L’économie sociale et solidaire est-elle féministe ?
Une grande question que nous avons posé à Julia Barraud, directrice de l'association du Pain et des Roses à Nantes, Mahaut Bertu, adjointe à la maire de Nantes déléguée à la vie associative, la lutte contre les discriminations, l’égalité et la ville non sexiste, et Louise Gasté sociologue co-fondatrice du cabinet d’étude Les Petites Voix et spécialisée sur les questions de genre et d’égalité.
Une table ronde animée par Julia Vastel de Sun Radio, enregistrée à la Maison de l’Entrepreneuriat et des Transitions dans le cadre de l’événement « Comment bousculer l’économie? » pour les 20 ans de l’association.
Ce que l’on retient :
- Les femmes représentent 68% du secteur de l’ESS. Elles sont sur-représentées dans les métiers du care et du prendre soin, 87 % des emplois dans le secteur de la santé humaine sont occupés par des femmes, 77% dans celui de l’action sociale, 72% dans les métiers de l’enseignement. Du côté des instances dirigeantes, en 2019 les femmes sont sous-représentées dans les conseils d’administration et bureaux des structures de l’économie sociale et solidaire. Alors que 7 salariés sur 10 sont des femmes, elles représentent 45 % des membres des conseils d’administration et sont 37% à occuper une fonction de présidence au sein de ces structures. (Source : rapport CSESS 2021-2024 sur l’égalité femmes-hommes dans l’ESS)
- Les métiers du soin sont peu valorisés et précaires car majoritairement occupés par des femmes. Les compétences requises sont perçues comme des dispositions naturelles – prendre soin des enfants et des personnes âgées, être à l’écoute, se mettre en retrait au service d’autrui – plutôt que comme socialement construites. Un travail gratuit réalisé pour le foyer et la communauté qu’il est difficile de valoriser dans la société et sur le marché. Pourquoi payer pour quelque chose que les femmes réalisaient (et réalisent toujours) gratuitement et naturellement ?
- Quand on parle de parité, on s’interroge souvent sur la façon de donner envie aux jeunes filles d’aller vers des métiers plus « masculins » mais rarement le contraire.

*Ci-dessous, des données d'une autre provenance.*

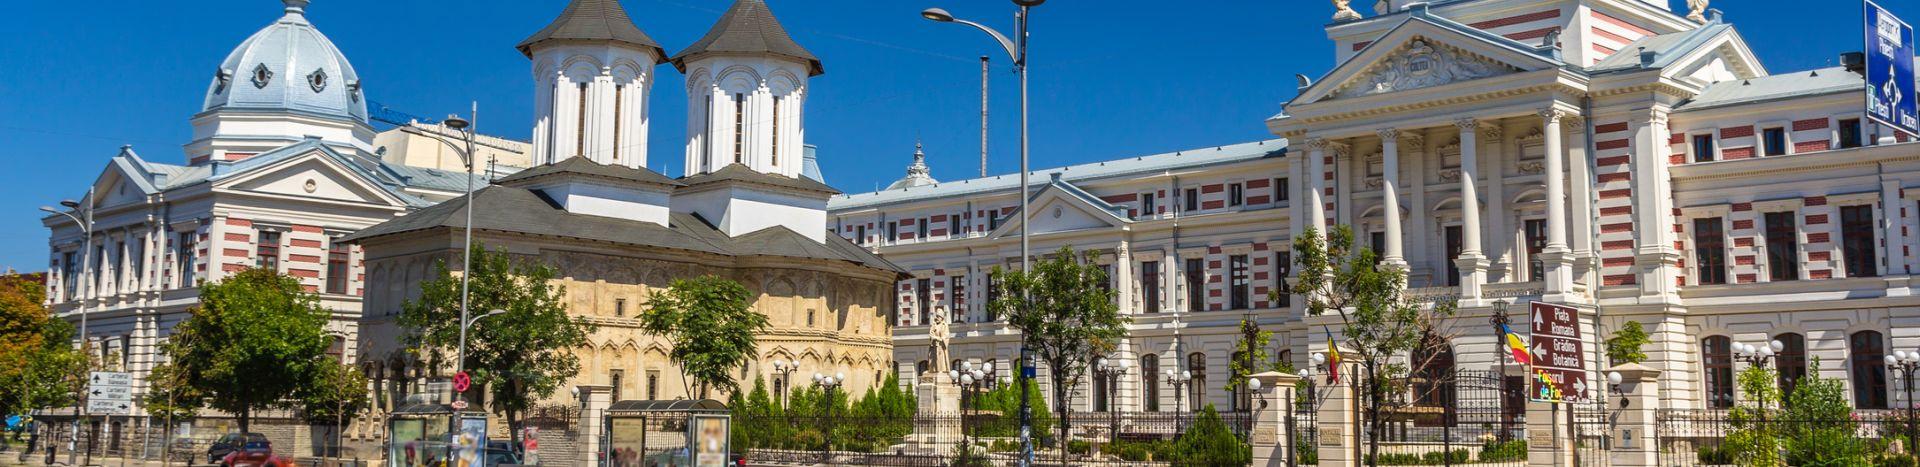 טיול מאורגן לרומניה היפה - בעקבות ארמונות קדומים, טירות טבע מדהימות, נופים וכפרים ציוריים

Comment donner envie aux garçons de se tourner vers des métiers « féminins » ?
- Pendant longtemps, l’égalité femmes-hommes n’a pas été un sujet pour l’économie sociale et solidaire. Il a fallu attendre le retour de la question féministe dans le débat public pour qu’un constat émerge : on y retrouve les mêmes mécanismes sociaux que dans le reste de la société. « Il ne suffit pas de se déclarer féministe, il faut mettre en place des actions qui vont dans ce sens. »
- Mahaut Bertu suggère de systématiser la question du genre – qui va profiter de tel équipement sportif ou de telle action de la collectivité – pour rendre visible les inégalités.
- Les structures s’intéressent au sujet mais manquent de temps et de financement. Difficile de valoriser ces métiers essentiels quand le financement d’action sociale est de plus en plus complexe.